Les parents du FRCI assassiné chez Tracteur demandent des comptes à Ouattara (Lu sur lepointsur, pro-Ouattara)

Les parents du FRCI assassiné chez Tracteur demandent des comptes à Ouattara (Lu sur lepointsur, pro-Ouattara)

Tué injustement et illégalement au cours de l’arrestation enlèvement du Cdt Tracteur dans la nuit du 18 au 19 décembre 2014, Coumbala Soroho, jeune Frci qui était en garde chez ledit Commandant, a été conduit à sa dernière demeure ce Vendredi 30 janvier 2015 à Sofolo, dans la sous préfecture de Dabakala, sa ville d’origine. Un enterrement avant lequel les parents et villageois ont posé des questions pertinentes.

Dans la nuit du jeudi 18 à vendredi 19 décembre 2014, un commando de 200 militaires armé avaient investi le domicile du Commandant Tracteur : objectif, mettre aux arrêts ce chef de guerre. Fort malheureusement, au cours de cette opération dont les commanditaires avaient gros sur le cœur pour les actions d’envergure concernant la sécurité menée par ledit commandant, Sorho Coumbala, jeune Frci qui venait à peine d’avoir son matricule, en poste a été lâchement assassiné sans sommation. En attendant les résultats de l’enquête relative à cette mort d’homme et à cette arrestation digne d’un polar abidjanais dont les conséquences allaient être désastreuses n’eût été l’appel au calme du Commandant de la compagnie Tracteur des combattants d’Abidjan, Coumbala a été conduit à sa dernière demeure.

Très remontés les parents du défunt ont vertement accusés les commandants Grumman et Koné Zakaria de « cette barbarie » des temps caverneux. Bien avant, à la cérémonie de sa levée de corps à HMA, c’était la consternation et l’émotion car l’on n’arrivait pas justifier ce crime commis par ceux-là qui avaient été commis pour arrêter le chef de guerre Traoré Salif dit Cdt Tracteur (qui rappelons le a fait de la sécurisation d’Abidjan, son affaire) on ne sait pour quelle raison. Aussi, alors que le jeune Coumbala n’avait opposé aucune résistance sur instruction d’ailleurs de son patron, comment expliquer que celui-ci soit abattu froidement.

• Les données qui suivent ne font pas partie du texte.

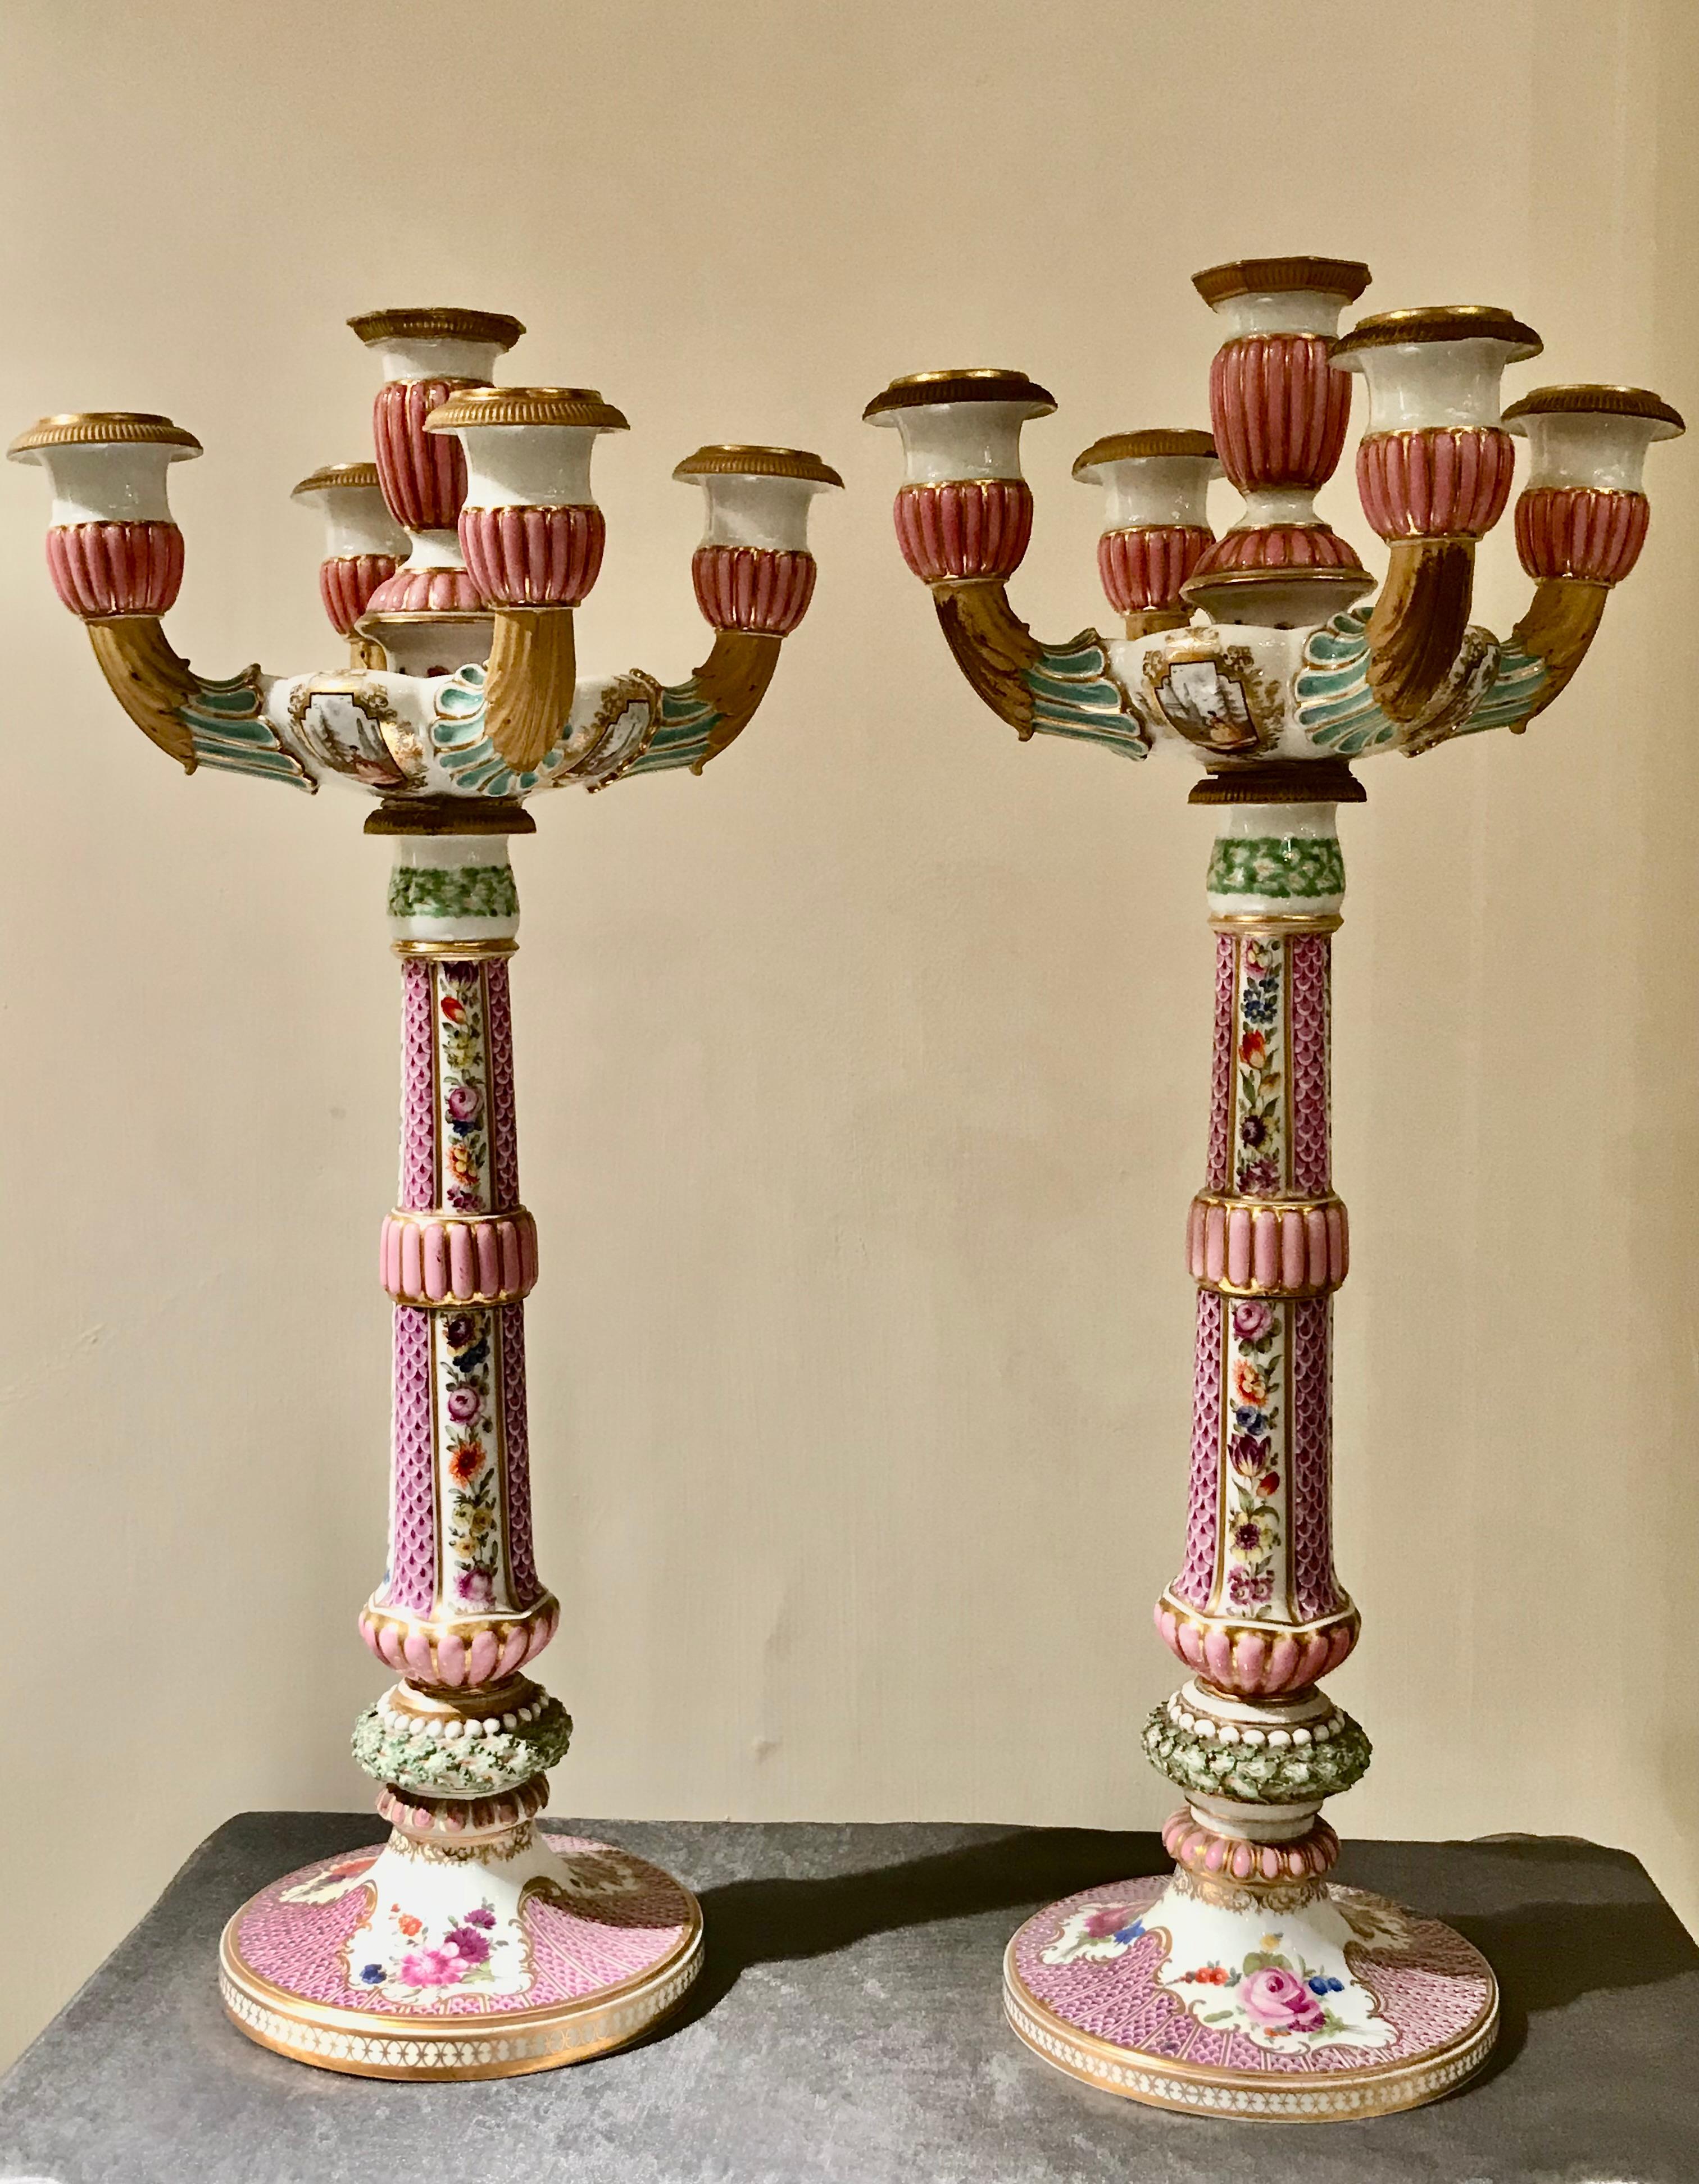 Beau travail d'une grande force expressive. Spectaculaire paire de girandoles/chandeliers de table en porcelaine de Meissen, Allemagne, marquée d'une épée. Approx. 1790 - 1810, Période Marcolini-.

L’impunité n’étant plus de mise, nous osons croire que ce énième crime ne restera pas impuni. Toute chose que les populations de sofolo son village natal dans la région de Dabakala ont tenu à exprimer à la délégation de Commandant Tracteur qui y avait accompagné la dépouille mortelle. En effet, après les rituels de bienvenue et la prière avant la mise en bière, le chef du village au nom de la population a exigé que la vérité soit dite sinon pas d’enterrement. « Qui a tiré sur notre fils pour le tuer alors qu’il était blessé et appelait de l’aide? Est-ce qu’il était contre le Président Ouattara comme on nous l’a dit? Si non pourquoi Alassane Ouattara pour lequel notre fils combat a cautionné cela? Des interrogations qui ont jeté l’émoi dans la délégation ».

Obligé de répondre à celles-ci en tant chef de délégation et patron de Coumbala, le Cdt Tracteur a tout simplement demandé pardon au nom du Chef de l’Etat et solliciter le pardon des chefs traditionnels, de la famille pour tous ceux qui ont participé à cet assassinat. « Coumbala n’a jamais été un milicien encore moins un traitre. Malheureusement, pour des intérêts personnels, des gens sont venus l’abattre. Je sollicite votre pardon et ce crime ne sera pas impuni ». Une déclaration qui a contribué à apaiser la colère des villageois qui en avaient gros sur le cœur.